Lawsuit cites email exchanges between university officials that indicate the board picked the school’s president before taking a public vote.

The Associated Press

SEATTLE — The University of Washington’s board of regents is facing a lawsuit over allegations that it violated the state’s open meeting laws by selecting the university’s president in secret.

The Seattle Times reported that the lawsuit filed Tuesday by the Washington Coalition for Open Government cites email exchanges between university officials that indicate the board picked Ana Mari Cauce before taking a public vote last October.

University spokesman Norm Arkans and board Chairman William Ayer have said Cauce’s appointment was made in accordance with state laws.

“We indicated earlier we believe the Regents fully complied with the requirements of the Open Public Meetings Act, and we still believe that,” Arkans wrote in an email to the newspaper.

The lawsuit comes after UW came under scrutiny earlier this year after the release of emails and other records by The Seattle Times.

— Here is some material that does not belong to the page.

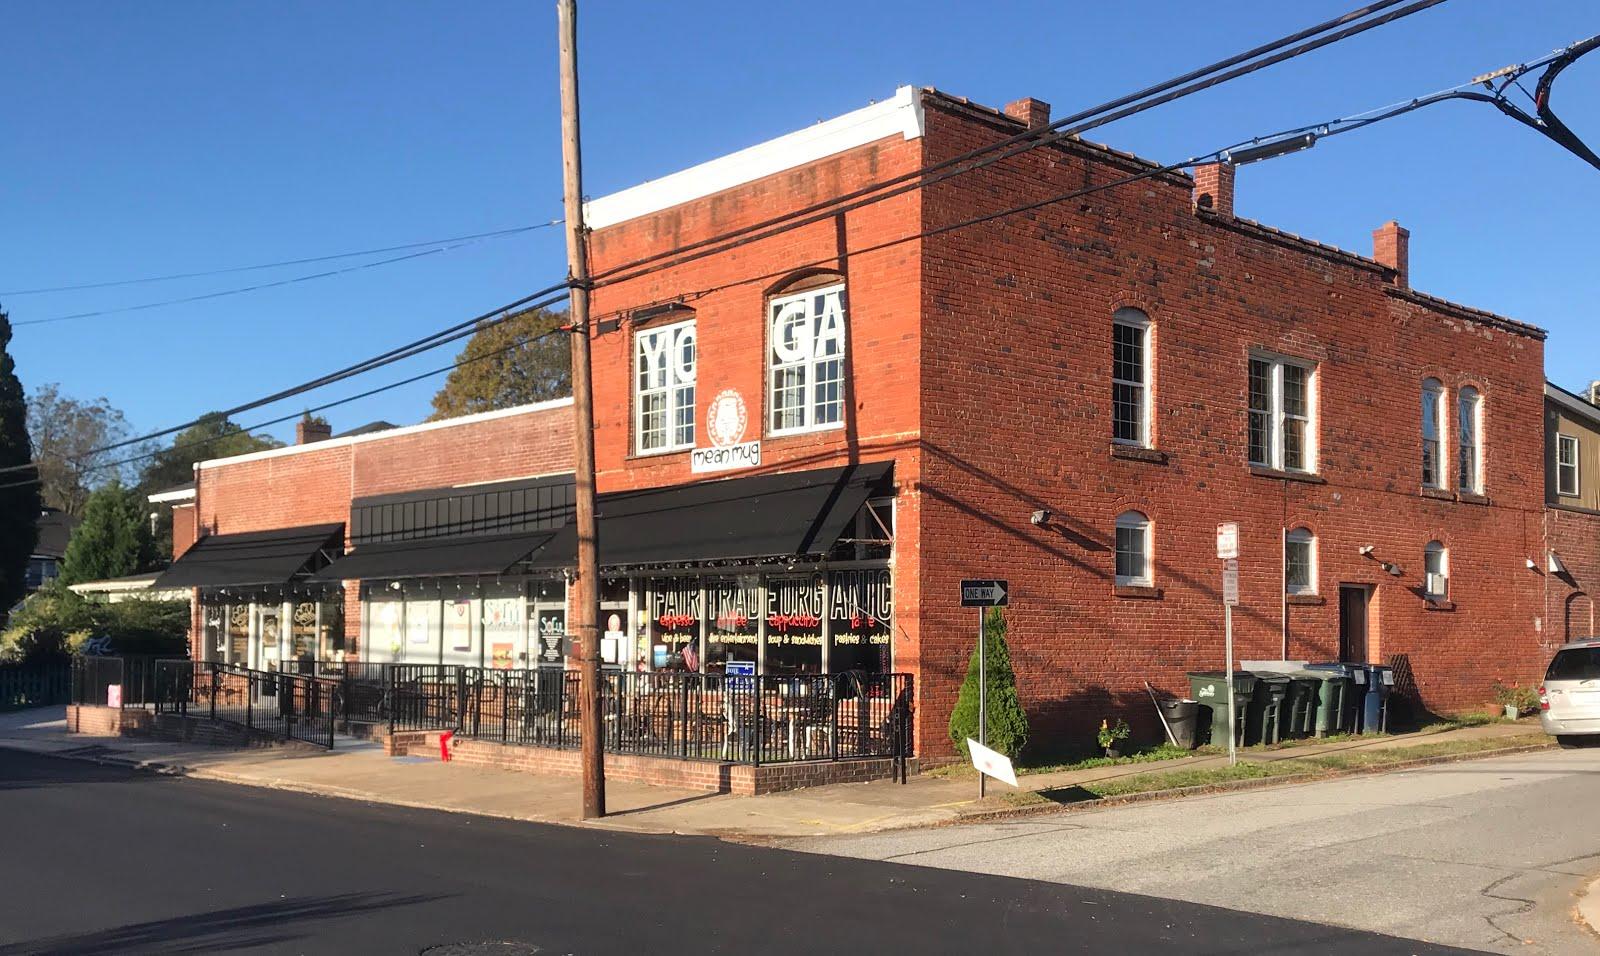 1024-1026 South Fulton Street, Salisbury NC 28144 ~ circa 1918 ~ $750,000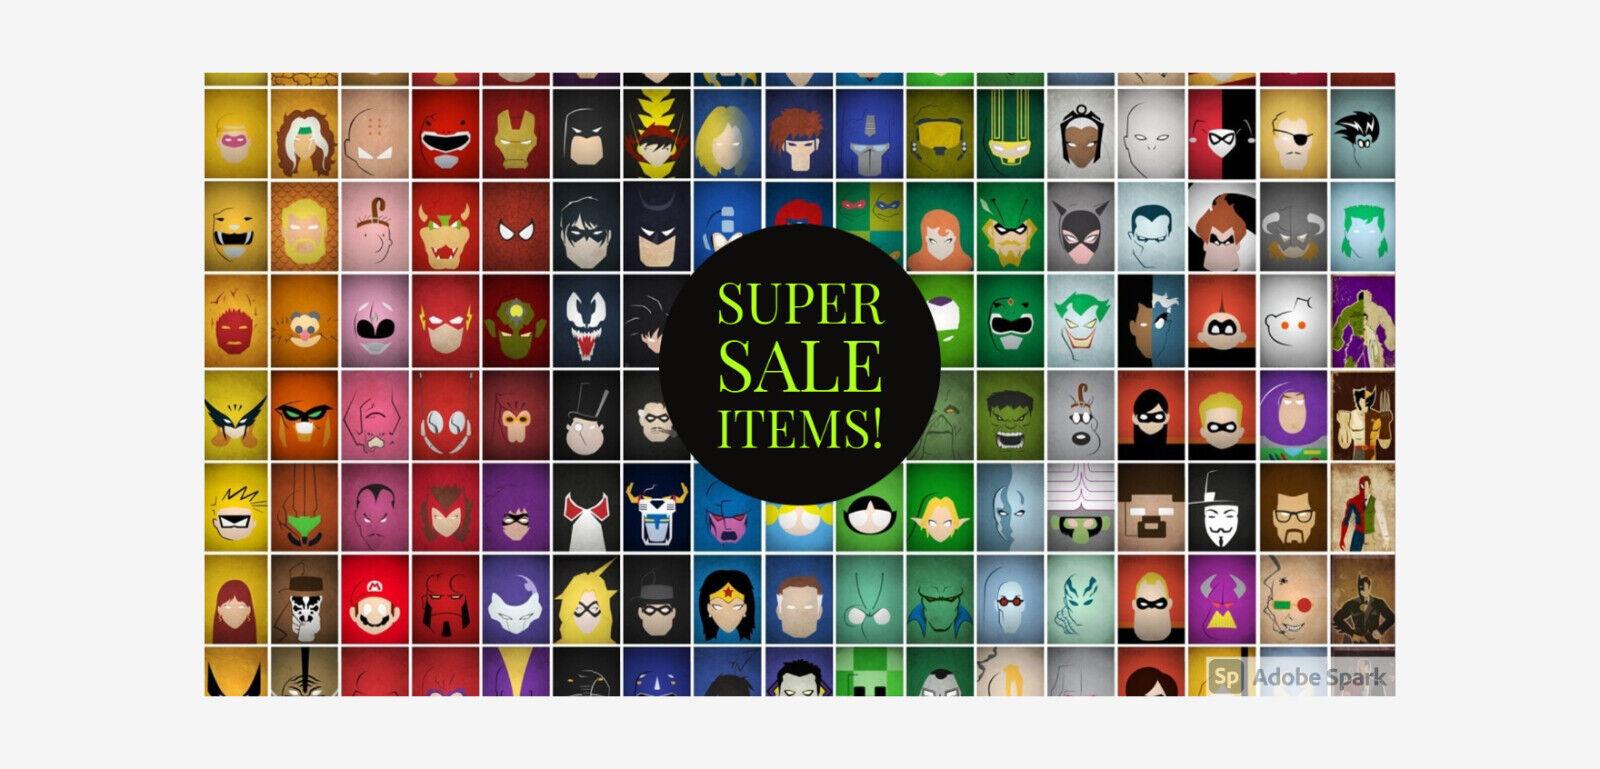 Super Sale items

One included the prepared script the chairman used to conduct the regents’ meeting that reveals the outcome of the board’s vote.

The lawsuit said the regents’ presidential-selection process is the latest of the board’s repeated violations of the state law, which requires governing bodies to deliberate and vote on hiring and other issues during public meetings.

The suit noted that last year, a King County judge found the regents board had violated the law on 24 different occasions by holding private dinner meetings at then-President Michael Young’s home from 2012 to 2014.

The lawsuit explicitly states the group isn’t seeking to overturn the selection of Cauce as president, but rather wants to hold regents accountable and to defend the integrity of the open-meetings law’s “citizen enforcement provision.”

Under increased penalties passed by the Legislature this year, members of governing bodies who knowingly violate the Open Public Meetings Act face fines of up to $500, up from $100.